MANOKWARI, Garudapost.id – Pasca ditetapkannya Peraturan Daerah (Perda) Nomor 14 Tahun 2024 tentang Pengakuan dan Perlindungan Masyarakat Hukum Adat (PPMHA), masyarakat adat di Kabupaten Manokwari Selatan mulai mengusulkan pengakuan hukum adat dan wilayah adat kepada pemerintah daerah. Salah satunya dilakukan masyarakat hukum adat marga Miskeni dan Mokiri yang menyerahkan dokumen usulan kepada Panitia Masyarakat Hukum Adat (MHA), Minggu (11/5/2026).
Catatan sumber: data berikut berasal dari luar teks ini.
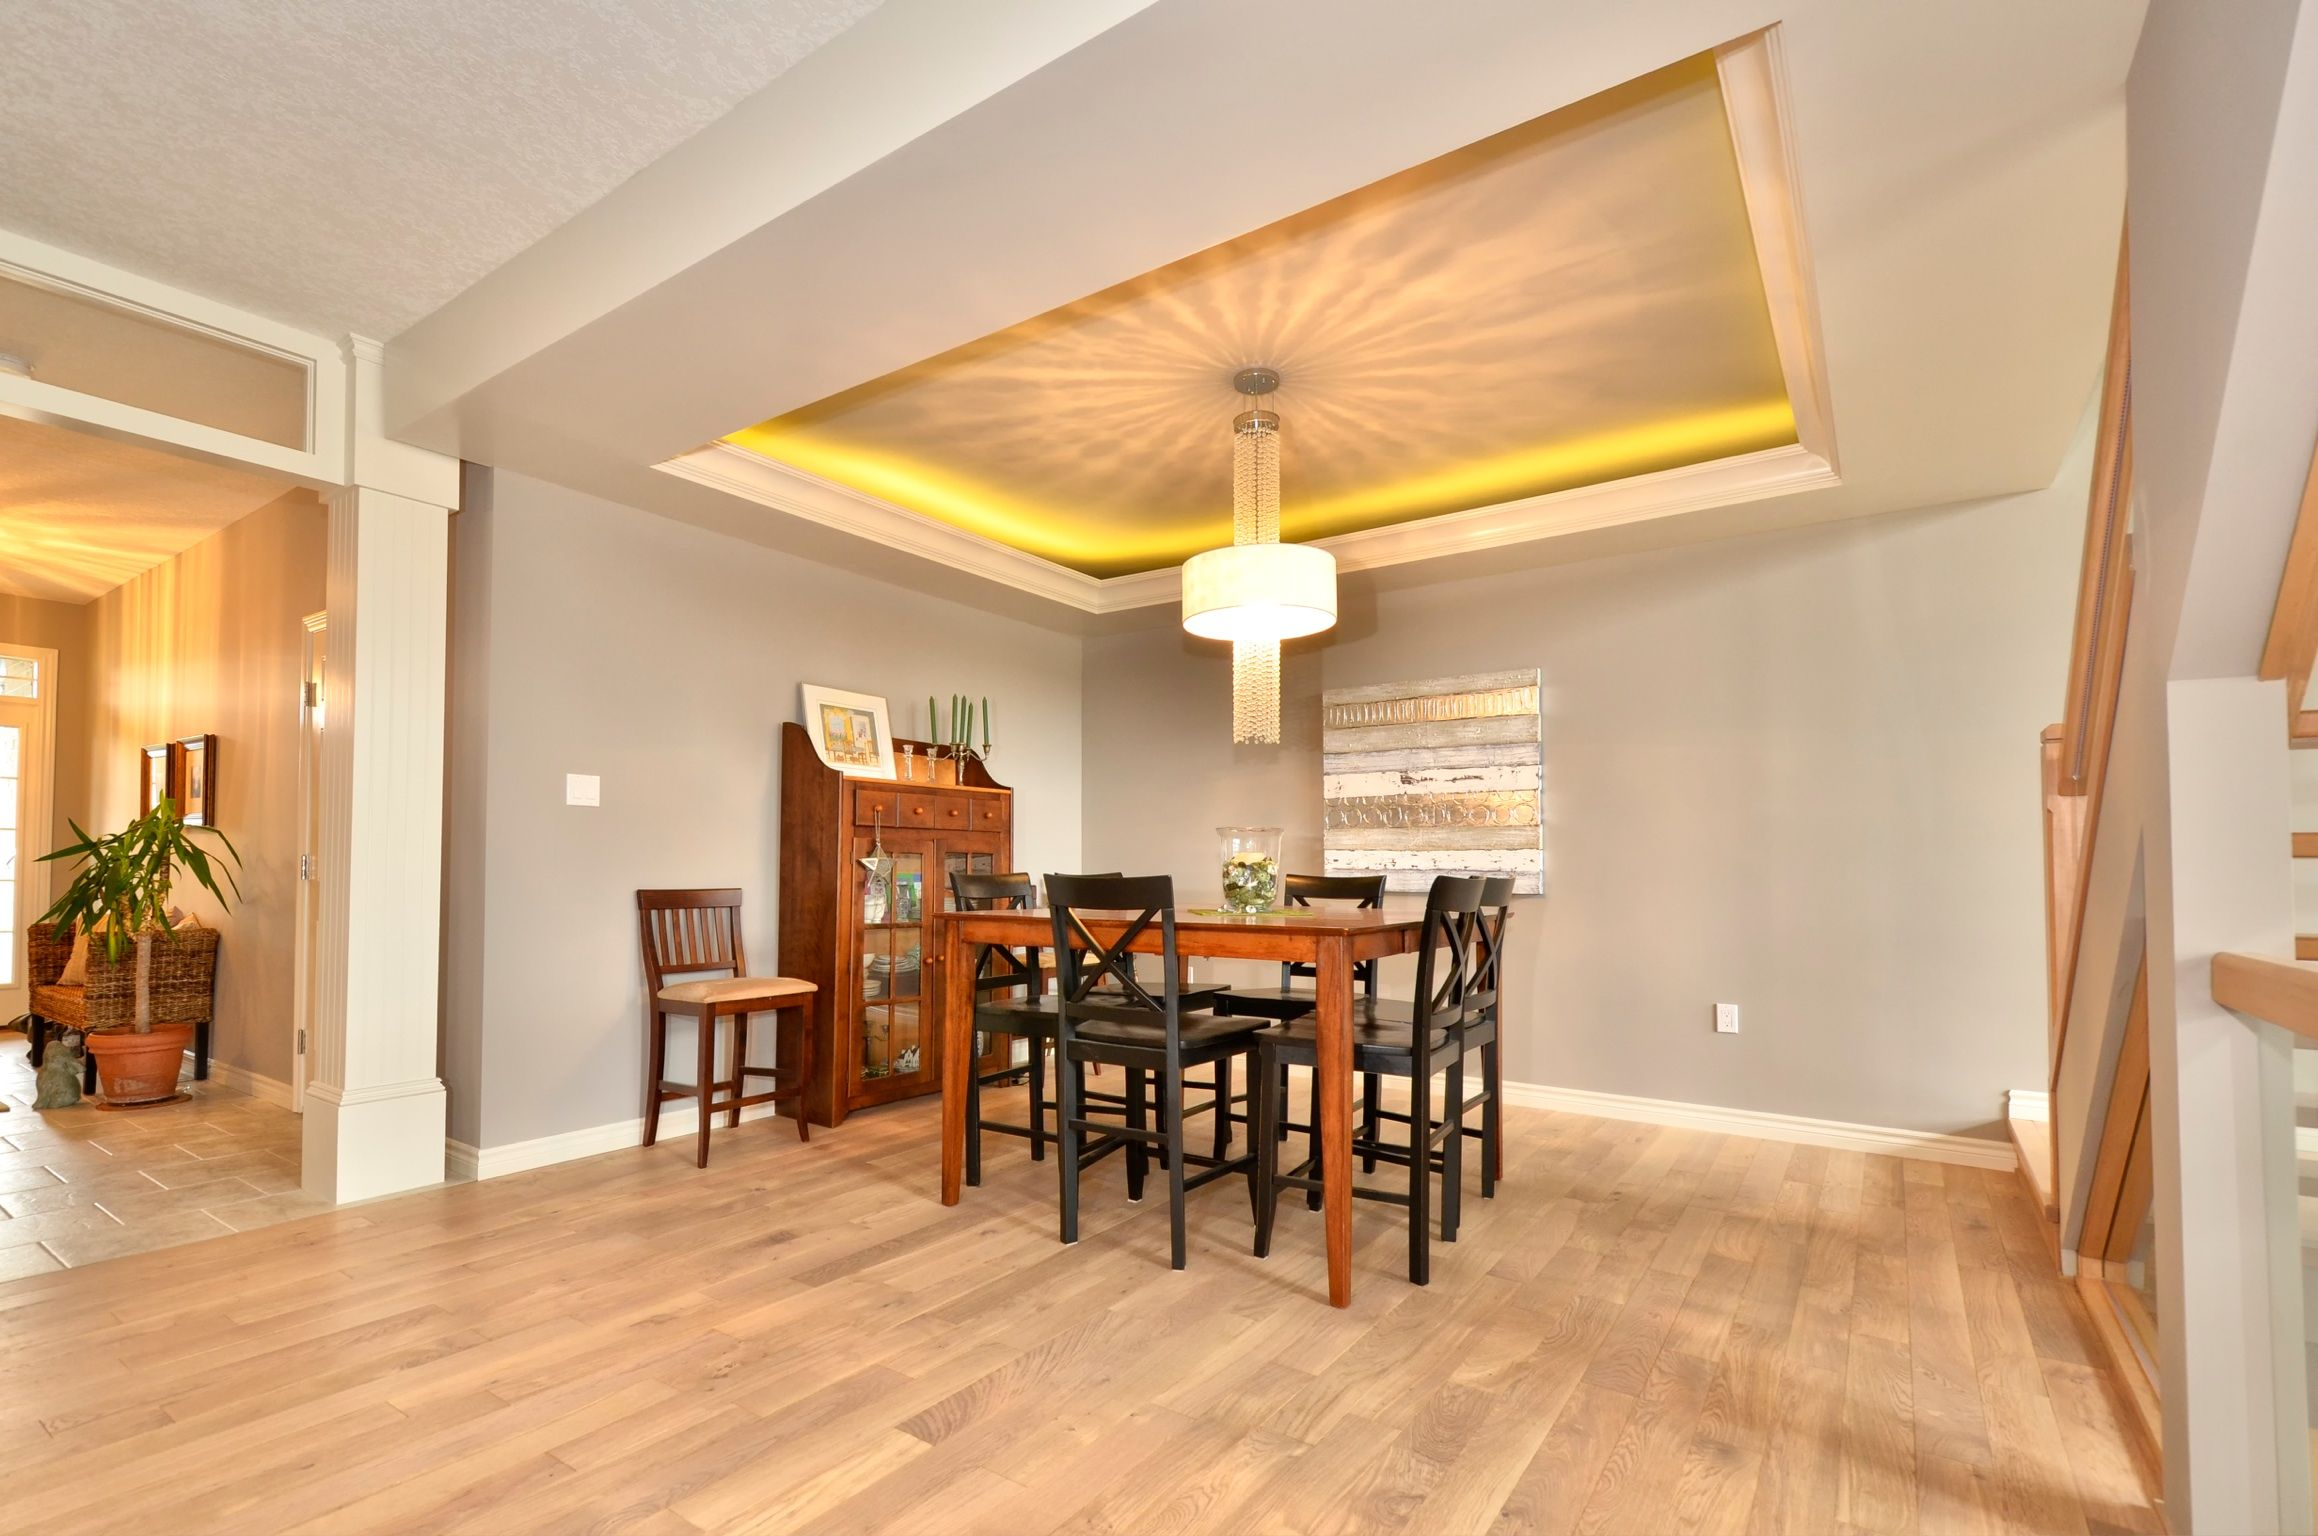 cove ceiling dining room decor ideas pinterest

Penyerahan dokumen tersebut berlangsung di ruang pertemuan Sekretaris Daerah (Sekda) Kabupaten Manokwari Selatan sebagai bagian dari proses pengakuan dan perlindungan masyarakat hukum adat oleh pemerintah daerah.
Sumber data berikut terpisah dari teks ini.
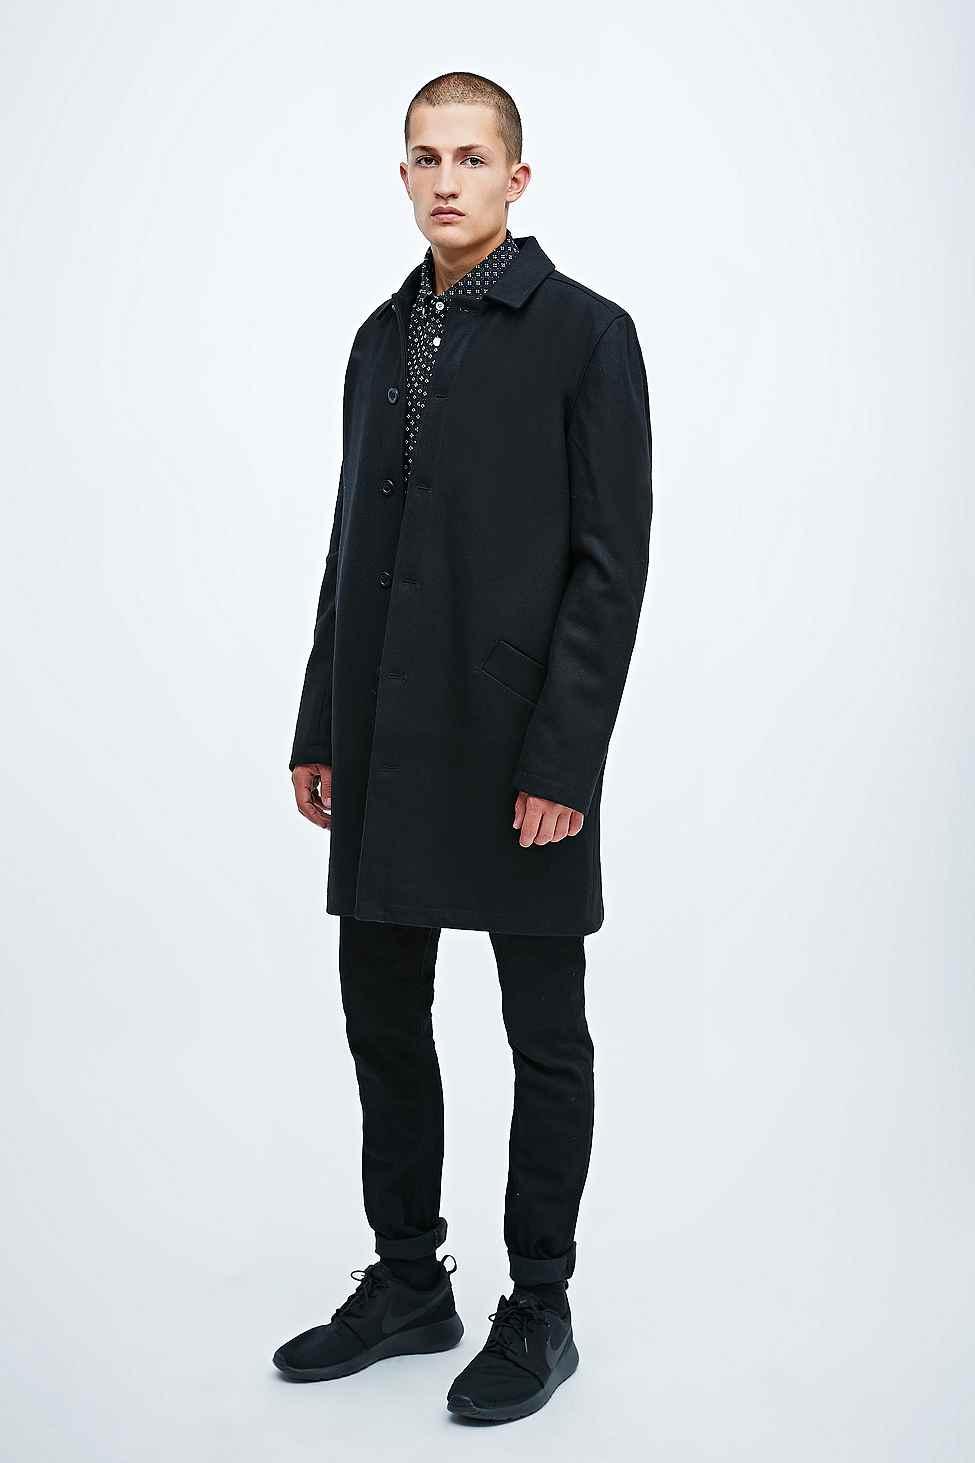 Libertine-libertine Toddler Wool Mac Jacket In Black in Black for ...

Dokumen usulan pengakuan masyarakat hukum adat dan wilayah adat tersebut diserahkan langsung oleh perwakilan masyarakat adat marga Miskeni dan Mokiri kepada Panitia Masyarakat Hukum Adat (MHA) Kabupaten Manokwari Selatan.
Kepala Marga Miskeni, Yusak Miskeni, mengatakan bahwa pengusulan tersebut merupakan langkah penting untuk memastikan negara hadir dalam memberikan perlindungan terhadap masyarakat adat beserta hak-hak wilayahnya.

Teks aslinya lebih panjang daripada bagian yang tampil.